We have a few more days here in Rome before we set sail again.  The plan is to head south in company with Johanne and Allan who have a few days holidays.  Whilst we wait we visited Ostia Antica:  the most amazing place - just as impressive as the sights in Rome, if not more impressive as you can walk around them at your leisure.  Ostia Antica was the original port for Rome which was abandoned some time after a great flood changed the course of the Tiber and therefore the activity from the sea.

I have some shopping to do whilst here - Italian shoes and dresses!!! 

We will document the trip between Rome and Malta on a separate page in the 'Into the Med' section.

 

21-24 September 2011 - We flew out of Rome on Thursday on Easyjet with only hand luggage - one bag half full and one bag empty.  You guessed it - we were off to the Southampton Boat Show.  We were looking forward to a dinner of Fish and Chips on Thursday, the boat show on Friday, the Rustler Owners dinner at the Royal Yacht Squadron on Friday night and then back to Rome on Saturday.

The flight out of Rome was fine, if delayed 1/2 hour by a second security check as you boarded the bus to the plane.  The pilot announced it was 14 degrees in London which made us a bit worried about the cold.  Fortunately it had warmed up by the time we landed.

Thursday night we searched high and low for a fish and chips shop, eventually resorting to going to movies to see the last episode of Harry Potter followed by a burger in TGIF.  F&C doesn't appear to be high on the culinary tastes of those in Southampton.

Friday was sunny and warm.  The boat show definately felt the economic downturn in terms of footfall.  Last year we were fighting our way through crowds in some parts and this year you hardly bumped elbows with anyone.  We visited the Rustler yachts and were deliighted to see their new 33 along with their 24.  (if anyone wants to buy me a birthday present the 24 would be most welcome)!.  We hoped to get our fish and chips at the show however despite our search we ended up with Pizza Express.  As we left, much later in the day, we found the fish and chip stand hidden away in a tent (thats why we couldn't smell it).  Disappointing but we had a lovely dinner to look forward to with the Rustler Owners.

We raced back to the hotel (via John Lewis and M&S to purchase last iinute requirements in clothing to allow us to attend the dinner).  We had half an hour to get ready before the taxi collected us to take us to the ferry to Cowes.  We made it!  The ferry trip was very smooth (our first time in the hydrofoil ferry) for which we were glad as we didn't want to spoil our beer at the pub on the way to the dinner (we were early!).  The dinner was everything we expected - food and the service was wonderful.  An RYS member gave us a tour around the castle after coffee, which was very interesting.  Then it was the last ferry back to Southampton and next day a couple of hours trying to fit everything into our bags to return to Rome.

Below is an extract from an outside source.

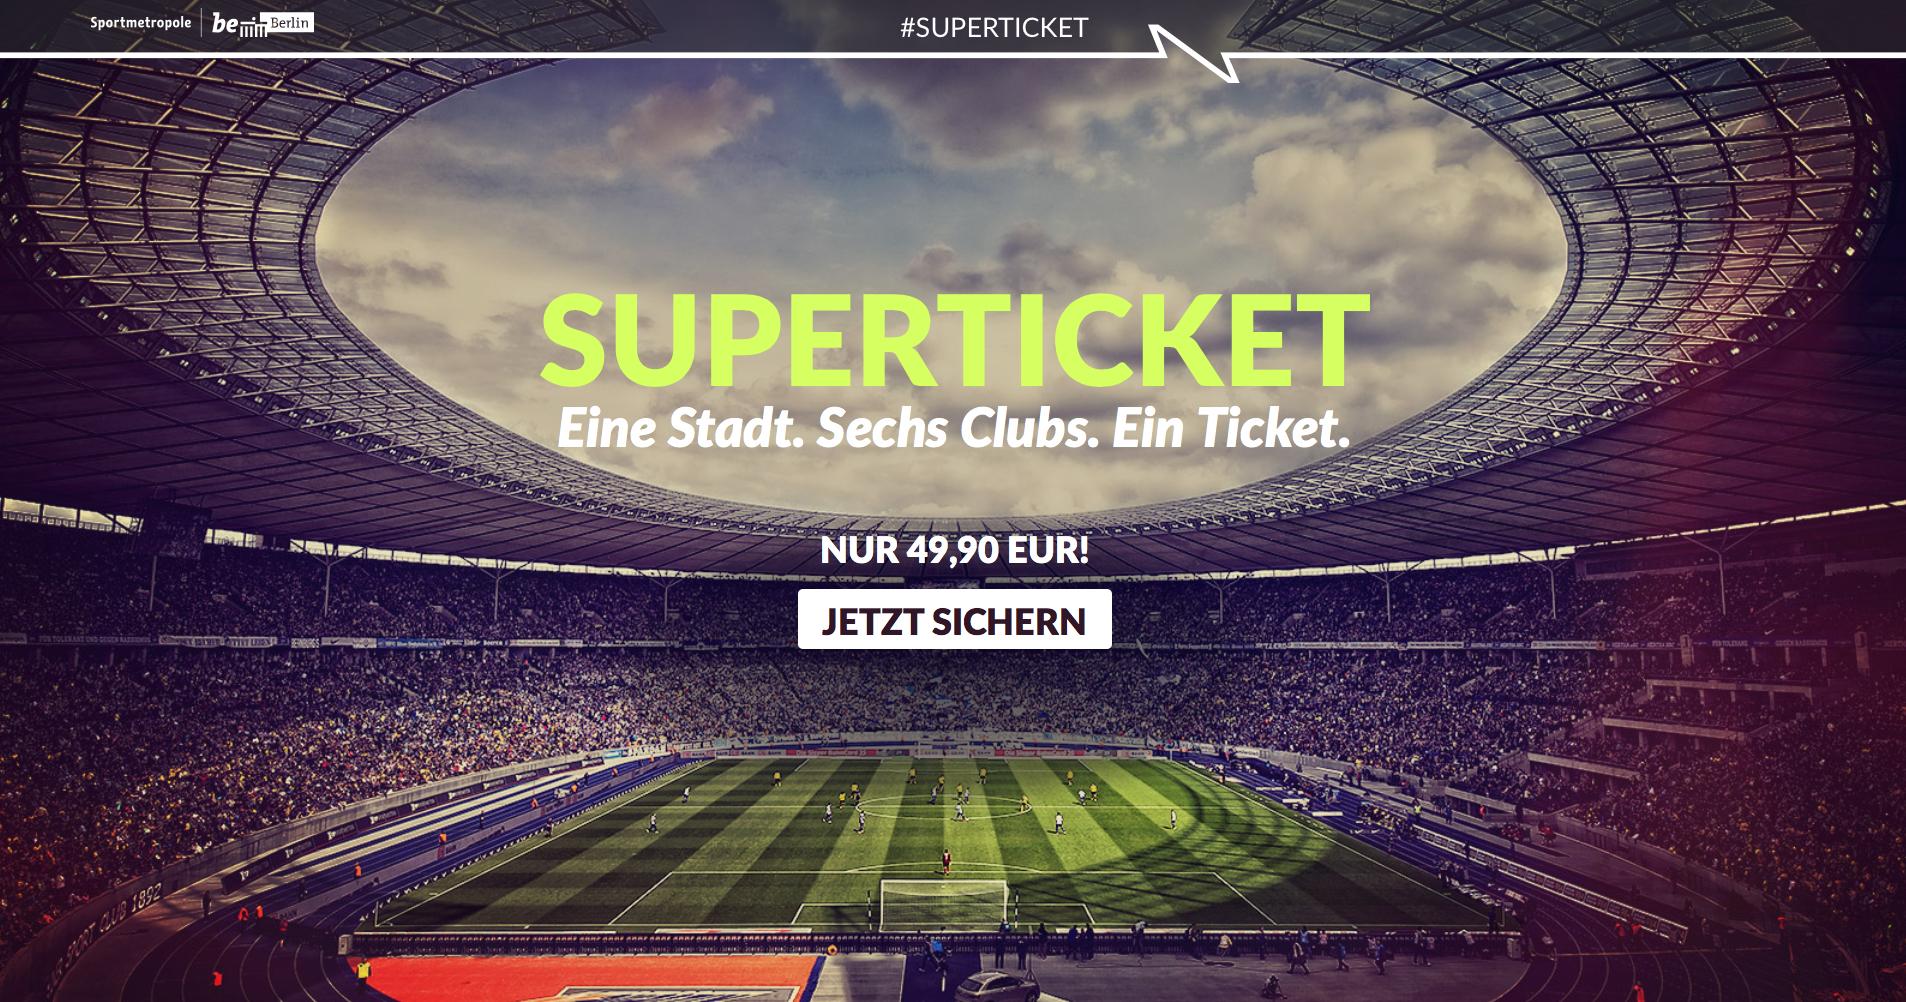 Berlin Superticket - ein Ticket für Alba Berlin, BR Volleys, Eisbären Berlin, Füchse Berlin, Hertha BSC und Union Berlin für 49,90€

Thank you to the Rustler Owners for another fine event and to RYS for a wonderful dinner and evening.

 

Italy - Rome

12th September and we are weather checking.  When we woke this morning the wind was quiet but we could see the white horses left from yesterday on the horizon.  We checked weather at the marina office which had a cautionary advice out for a local Force 7.  They couldn't tell us anything about the weather outside the Bonifaccio straits.  As there is no internet in this marina we had to make a trip (20 minute walk) to the ferry terminal to find the internet point (a single pc in a cafe).  We checked our usual different weather websites and all indicated that a Force 7 from the west was due by 2pm that day and would affect the Bonifaccio Straits as it was heading out of the Gulf of Leon.  We decided to leave at 1pm which would give us time to get out of the straits and any effect of the F7 would be in our favour (being behind us).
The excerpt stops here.